Exercise materials:
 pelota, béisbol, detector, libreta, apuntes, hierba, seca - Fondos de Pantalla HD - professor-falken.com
==
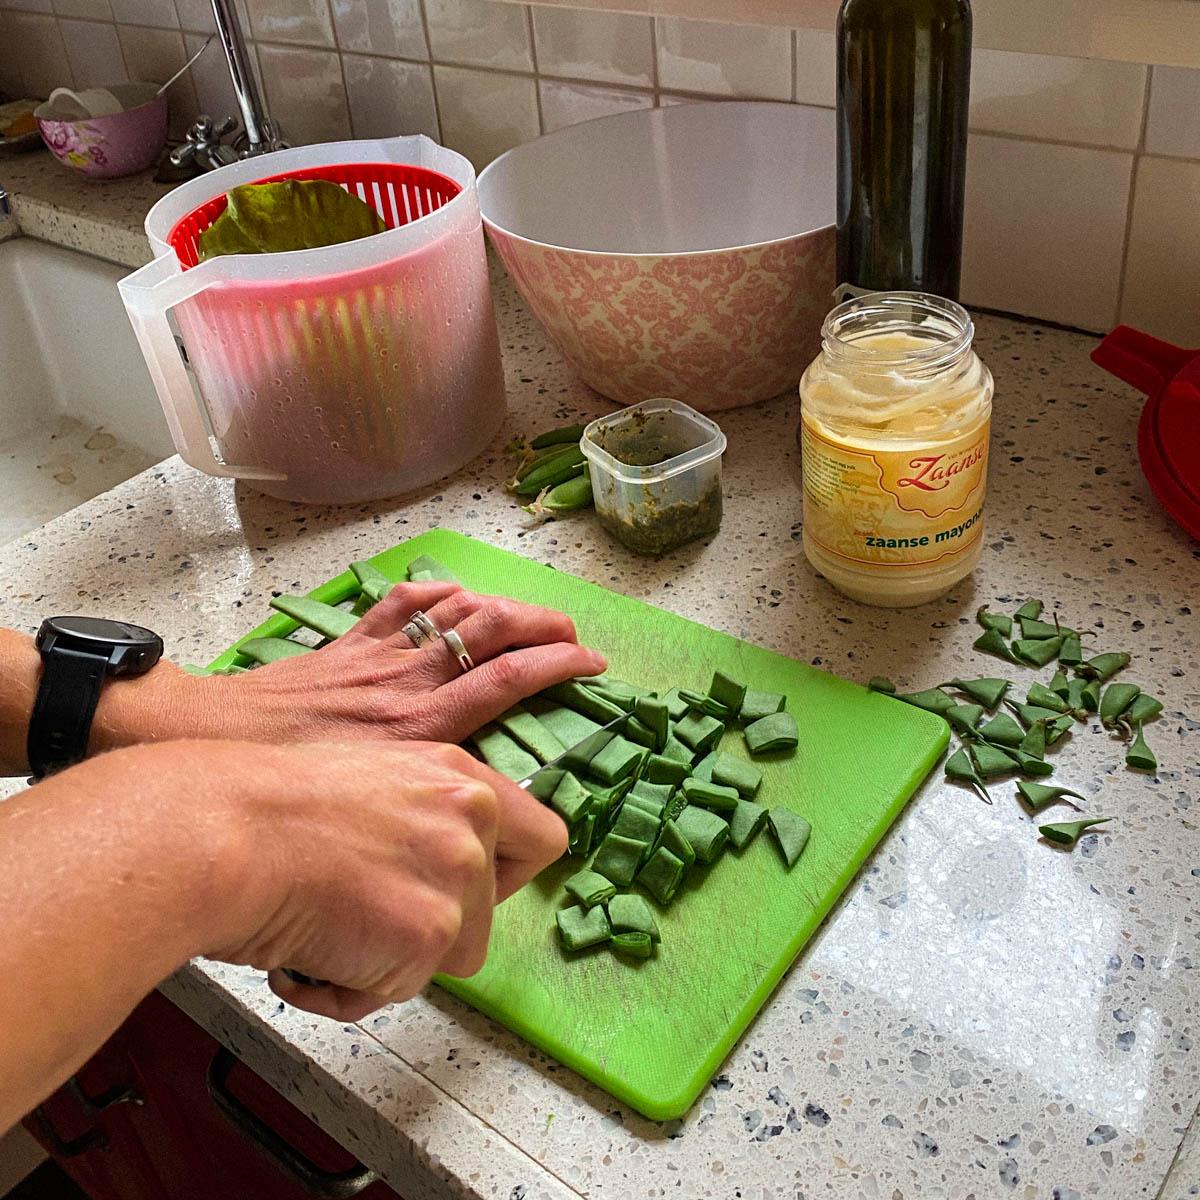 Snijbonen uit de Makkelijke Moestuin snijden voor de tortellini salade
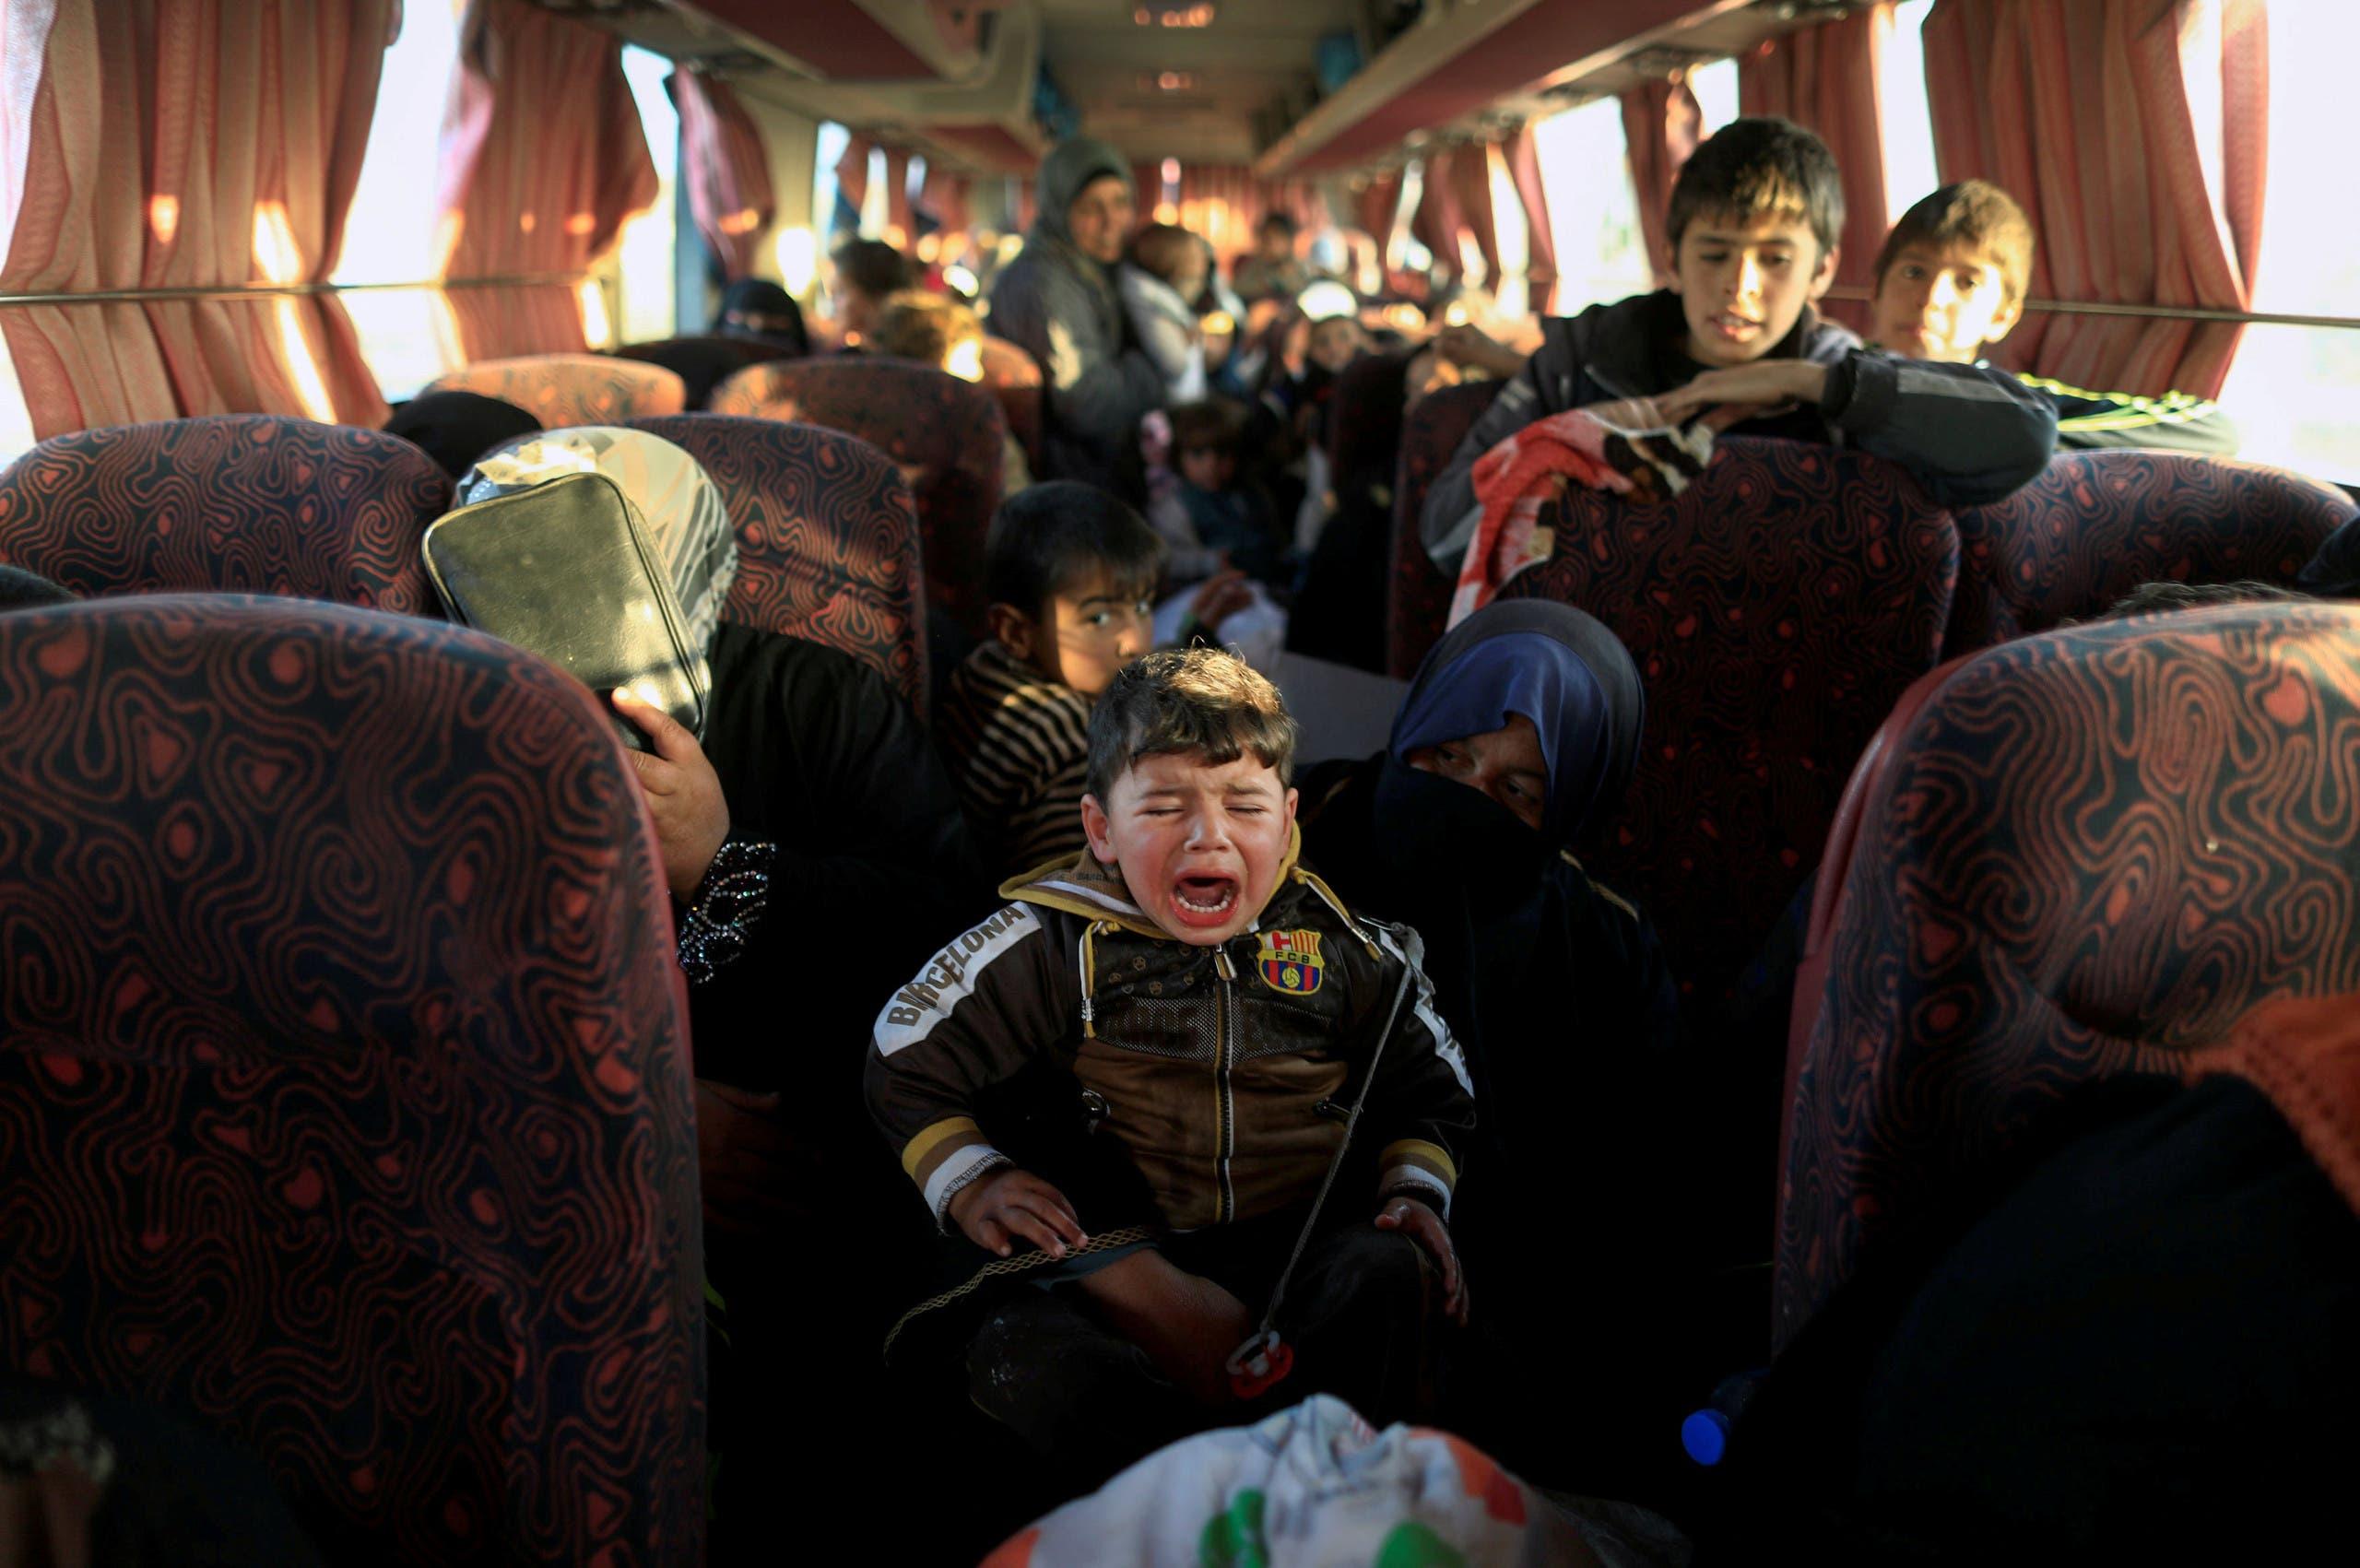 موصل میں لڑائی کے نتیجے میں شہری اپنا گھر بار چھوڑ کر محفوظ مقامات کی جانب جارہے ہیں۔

Your assignment: Above are records; write out the lines from the one with "Snijbonen uit de" down to the one with "موصل میں لڑائی", exactly, leaving the pictures out.

Response area:
 Snijbonen uit de Makkelijke Moestuin snijden voor de tortellini salade
 موصل میں لڑائی کے نتیجے میں شہری اپنا گھر بار چھوڑ کر محفوظ مقامات کی جانب جارہے ہیں۔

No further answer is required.